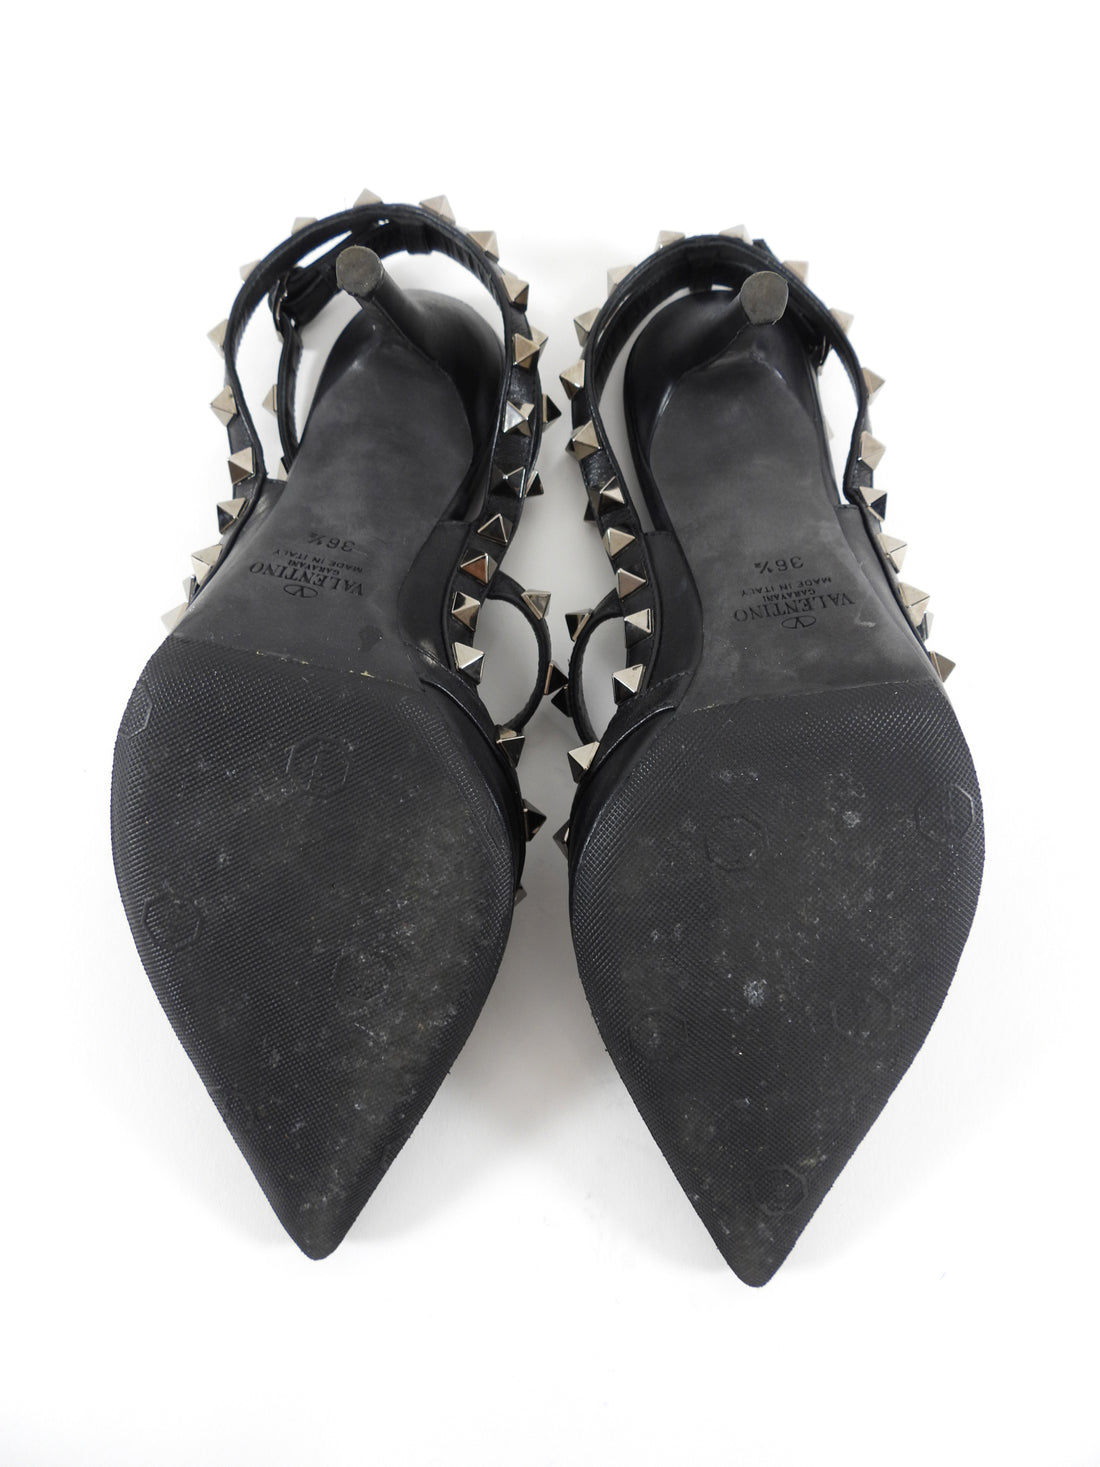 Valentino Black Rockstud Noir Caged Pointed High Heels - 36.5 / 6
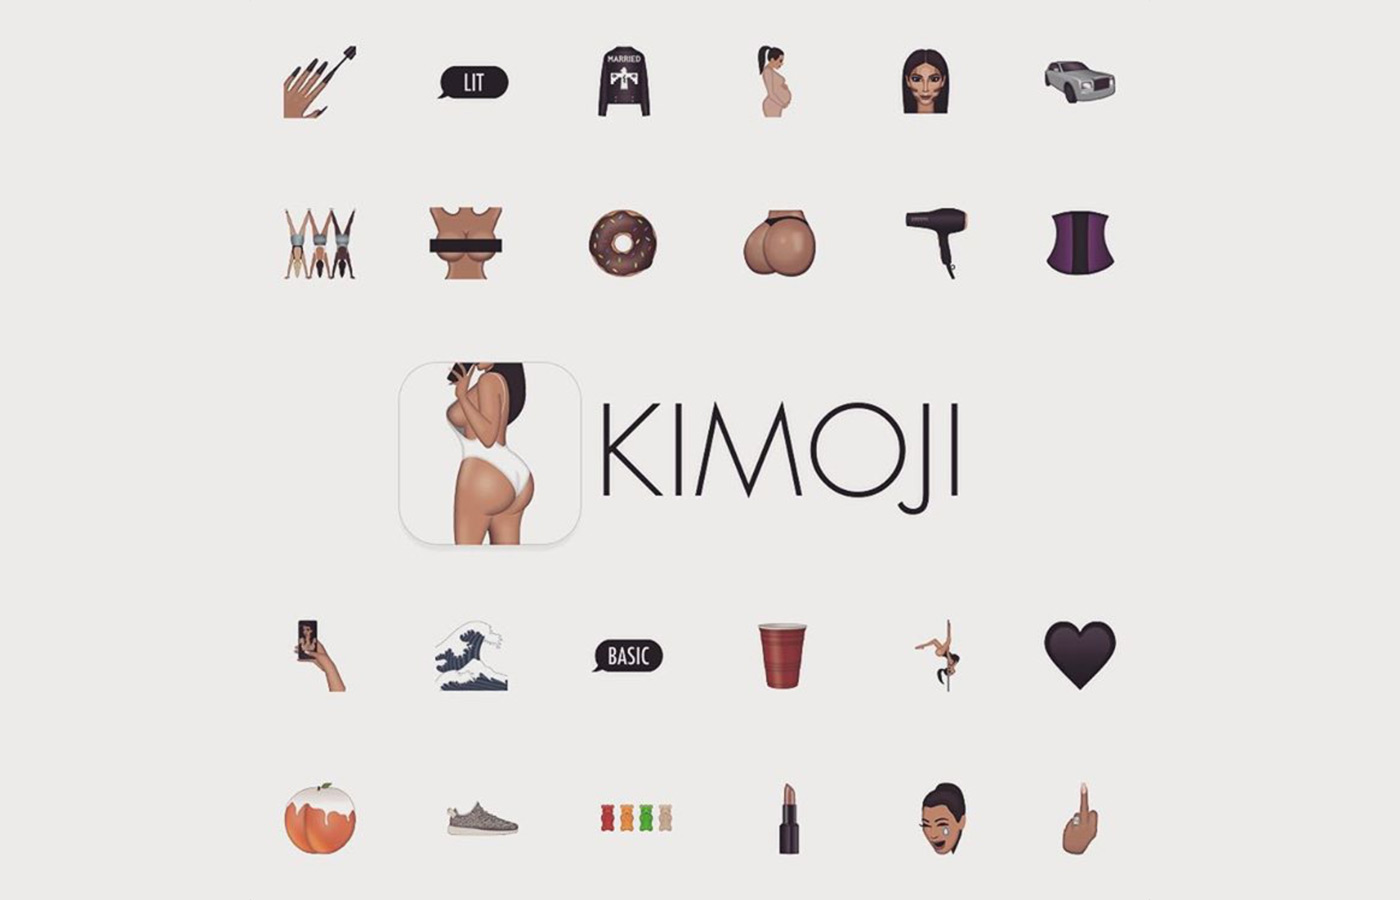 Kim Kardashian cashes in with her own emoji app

--

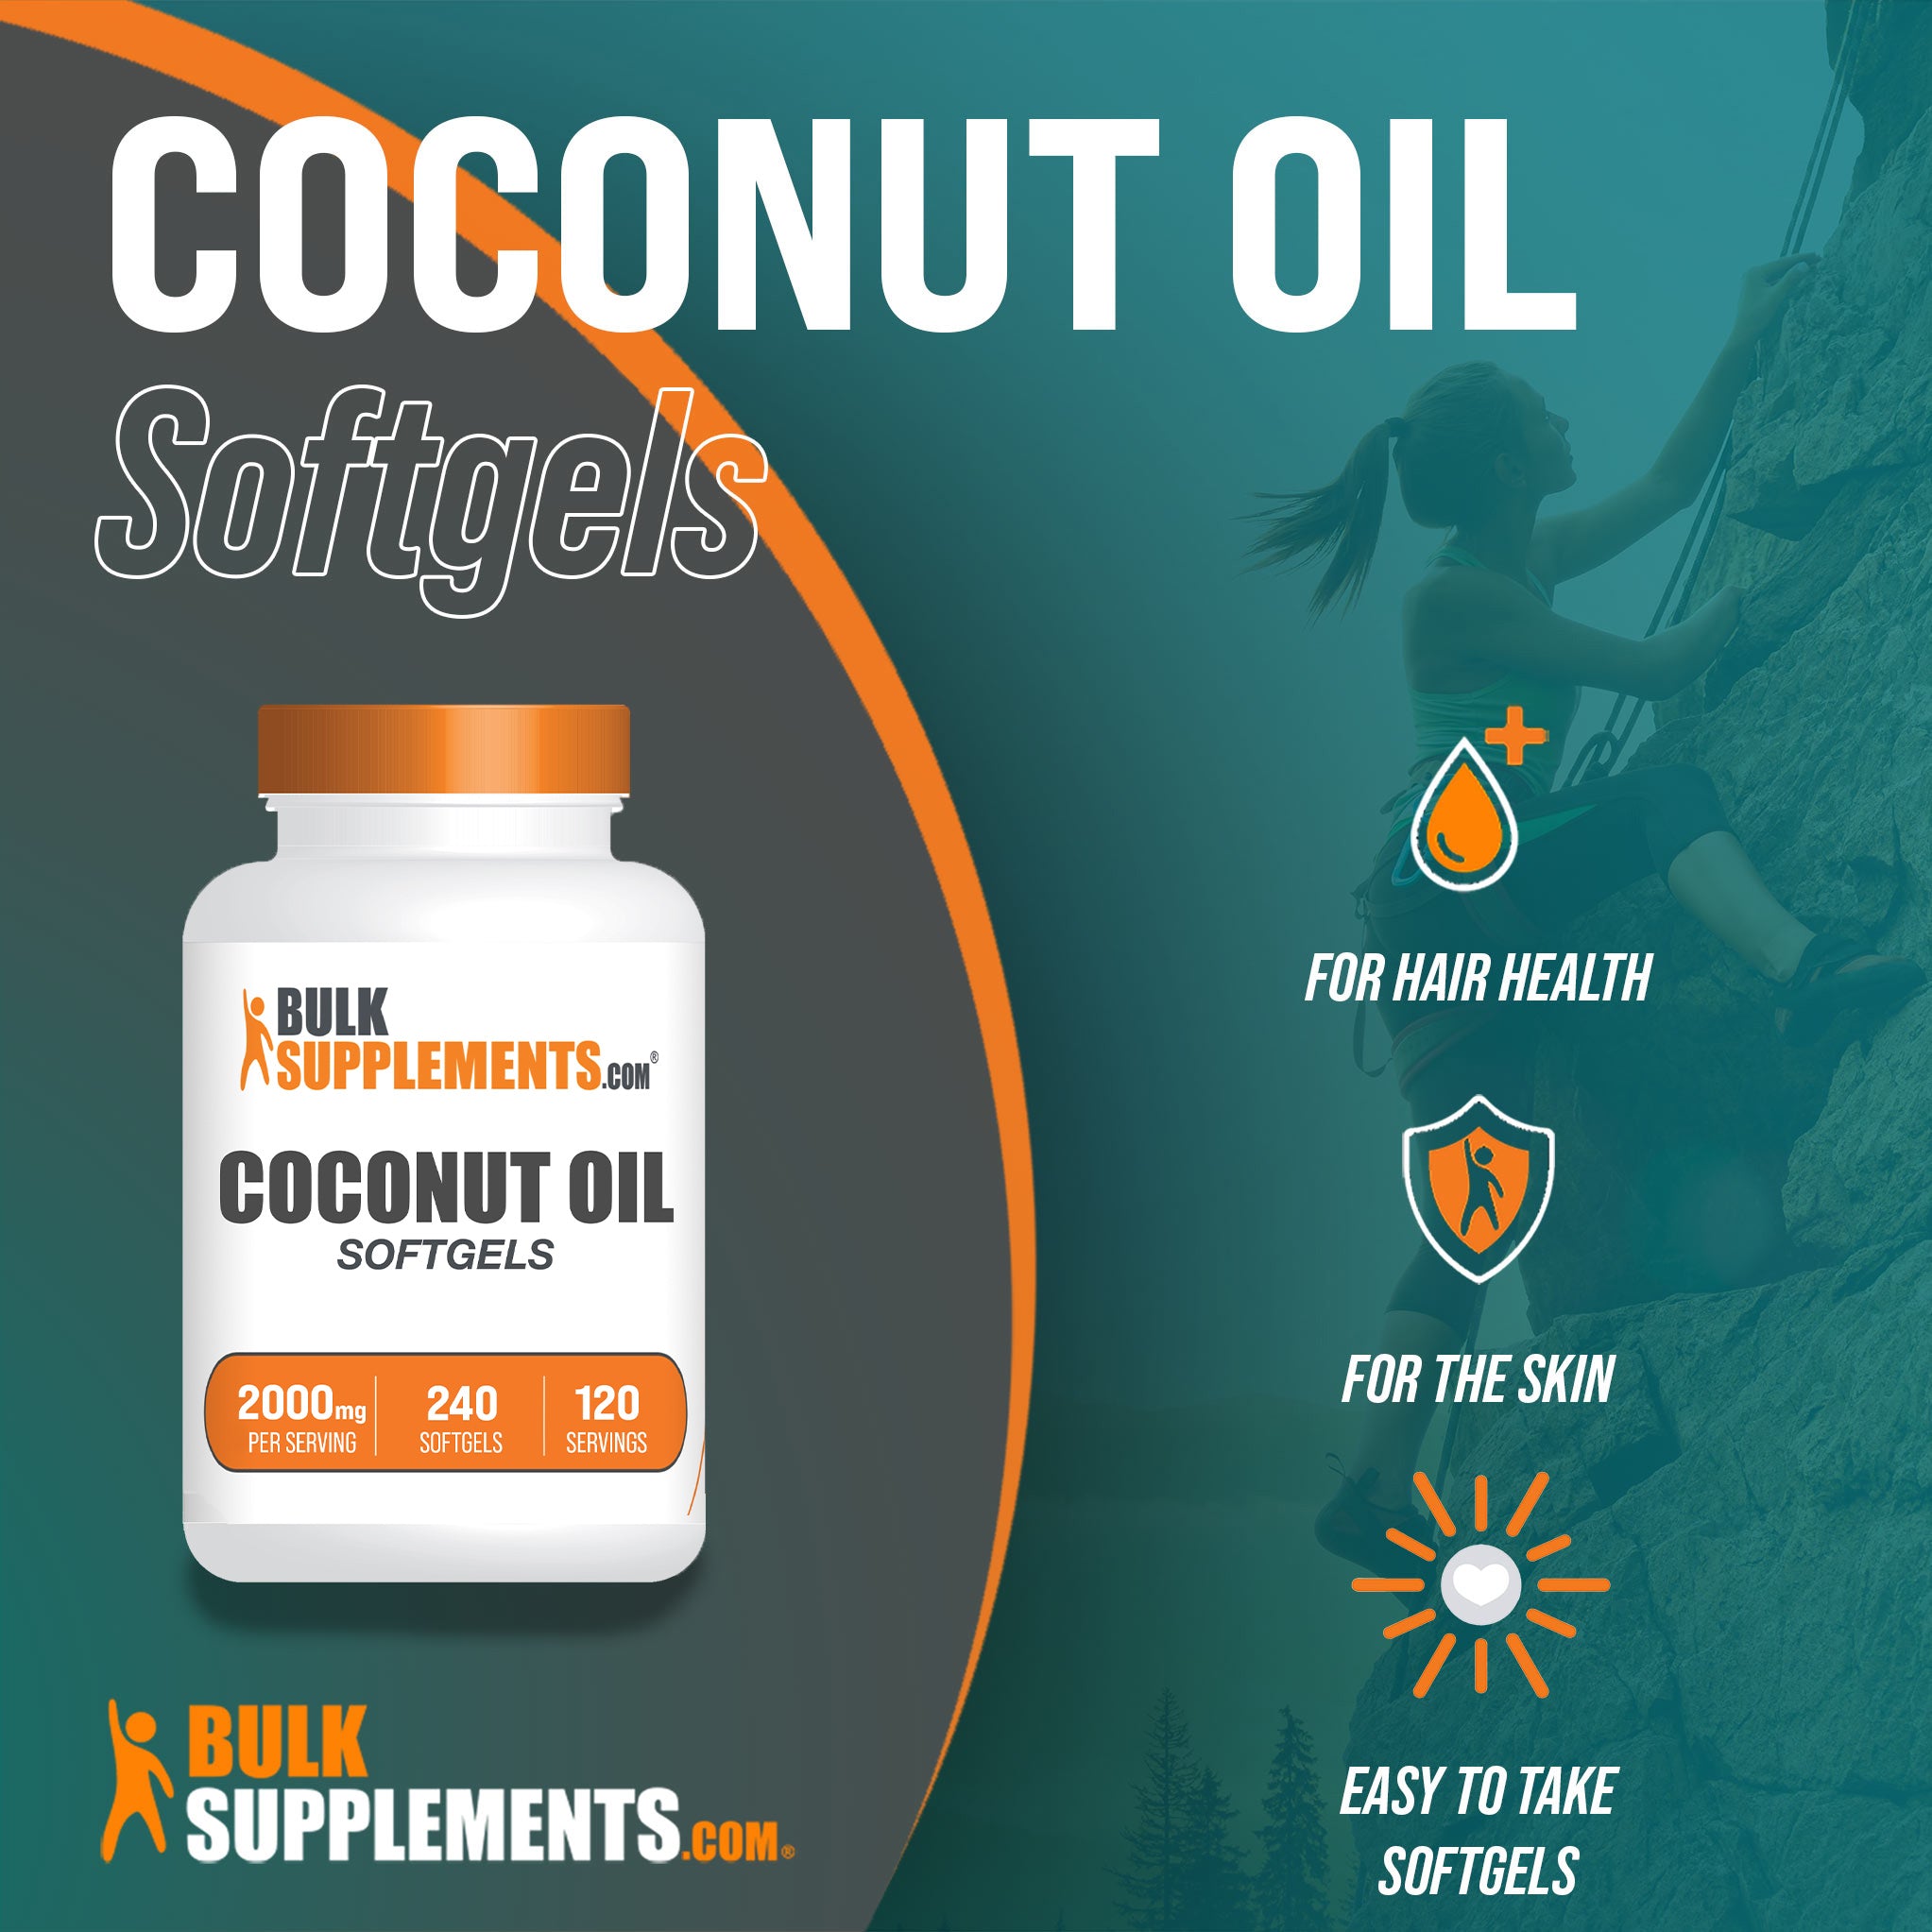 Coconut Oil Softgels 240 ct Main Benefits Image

◆ **Brief**
Range to print from the listing above: from the line with "Valentino Black Rockstud" up to and including the line with "Kim Kardashian cashes". Please print those lines exactly, with no pictures and nothing more.

◆ **Task result**
 Valentino Black Rockstud Noir Caged Pointed High Heels - 36.5 / 6
 Kim Kardashian cashes in with her own emoji app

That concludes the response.